No doubt, Democrats will point to the fact that Ms. Mitchell is a registered Republican, despite the fact that she said in the introduction to her memorandum that she is “not a political or partisan person.” She emphasized her complete independence in writing her memorandum. “No senator reviewed or approved this memorandum before its release,” Ms. Mitchell said, “and I was not pressured in any way to write this memorandum or to write any words in this memorandum with which I do not fully agree. The words written in this memorandum are mine, and I fully stand by all of them.” Ms. Mitchell is highly unlikely to risk her own professional reputation as a career prosecutor to reach conclusions that she did not think were warranted based on Dr. Ford’s own testimony and information available from other sources that she carefully cited. However, that will not stop Democrats from completely rejecting Ms. Mitchell’s careful, fact-based analysis.
Indeed, the Democrats are trying to bring Judge Kavanaugh down at any cost. They are not interested in facts or in finding the truth, if at all possible, regarding an event said to have occurred more than three decades ago. They are also hypocrites, as President Trump noted in his press conference on Monday. “I watched those senators on the Democrat side, and I thought it was a disgrace, partially because I know them,” the president said. “I know them too well, and you know what? They are not angels.” He said he had seen one of them in “very bad situations,” without naming the individual.

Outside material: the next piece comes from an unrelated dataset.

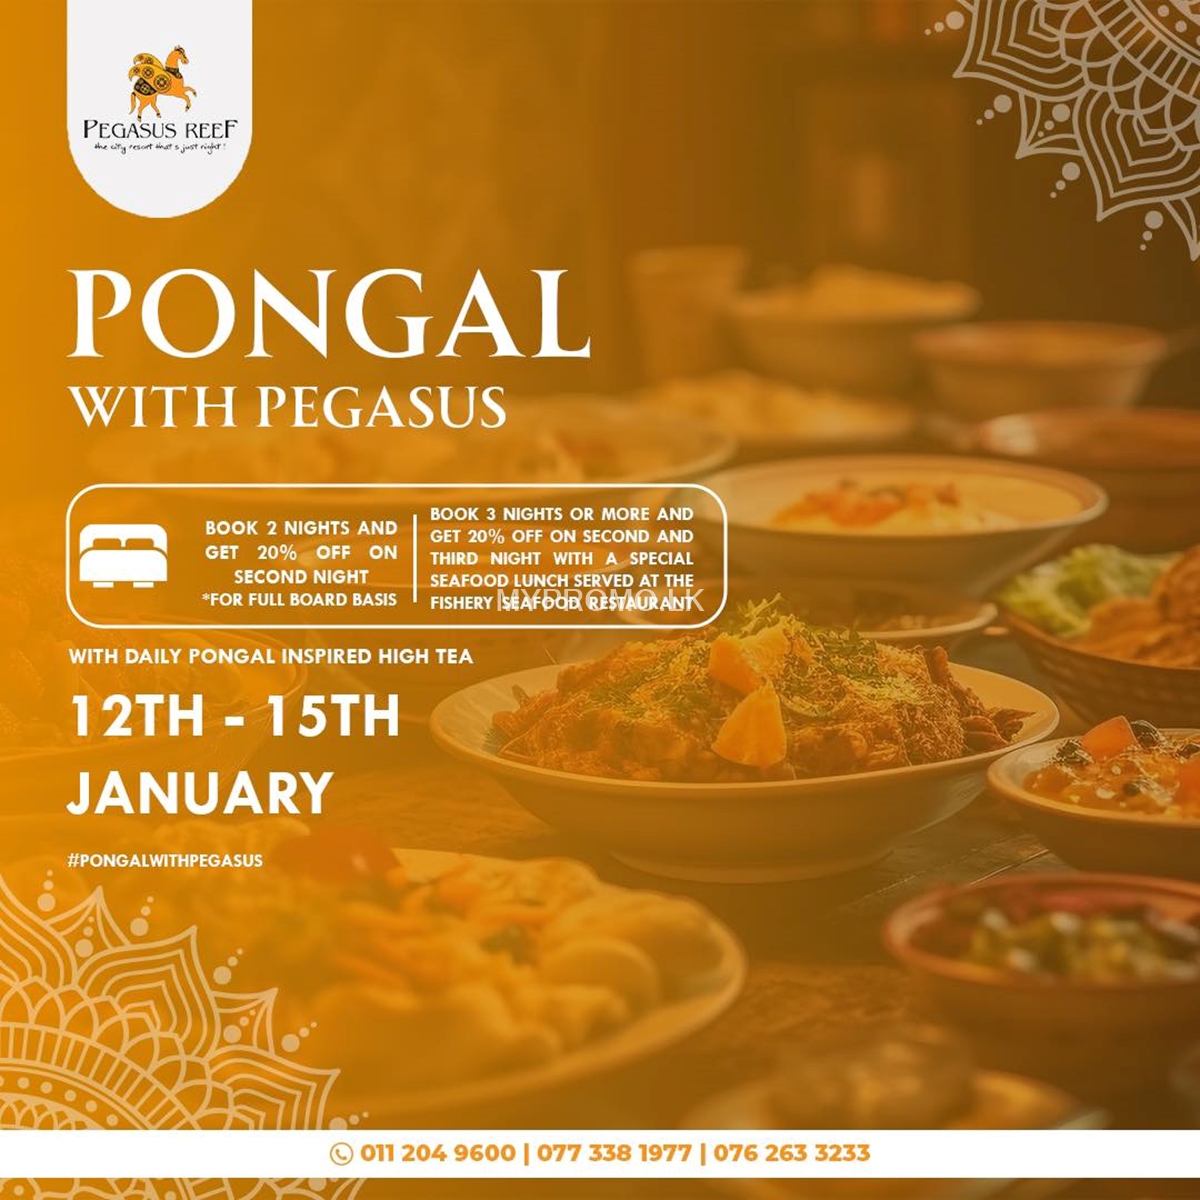 Celebrate Thai Pongal Long Weekend at Pegasus Reef Hotel

Judge Kavanaugh’s detractors argue that the normal rule of presumption of innocence does not apply to what they call a “job interview” for the lifetime position of a Supreme Court justice. They are wrong.
The presumption of innocence is not confined to criminal trials. It is essential to preserving due process for individuals who have been unfairly accused in any meaningful situation, especially if they are at risk of losing their livelihood, reputation, and serenity of family life as a result of the allegations alone. It is precisely because we are talking about a seat on the Supreme Court that the process for evaluating a candidate to fill that seat must be fair in all respects. It must be governed by the rule of law into which the constitutional right of due process is so deeply embedded. Moreover, if Judge Kavanaugh is being viewed through the prism of a job interview, the senators conducting their constitutionally mandated “advice and consent” function should be viewed through the prism of a review of their job performance. The Democrats on the Judiciary Committee failed miserably in their job performance by taking their obstructionist campaign of partisan character assassination to new lows.
The jury is out, so to speak, on the current allegations against Judge Kavanaugh until the FBI completes its investigation and submits its summaries of its interviews to the White House and the Senate by this Friday. If nothing new of consequence emerges beyond what we know today that would cast serious doubt on the veracity of Judge Kavanaugh’s denials of the allegations, Judge Kavanaugh should be confirmed immediately.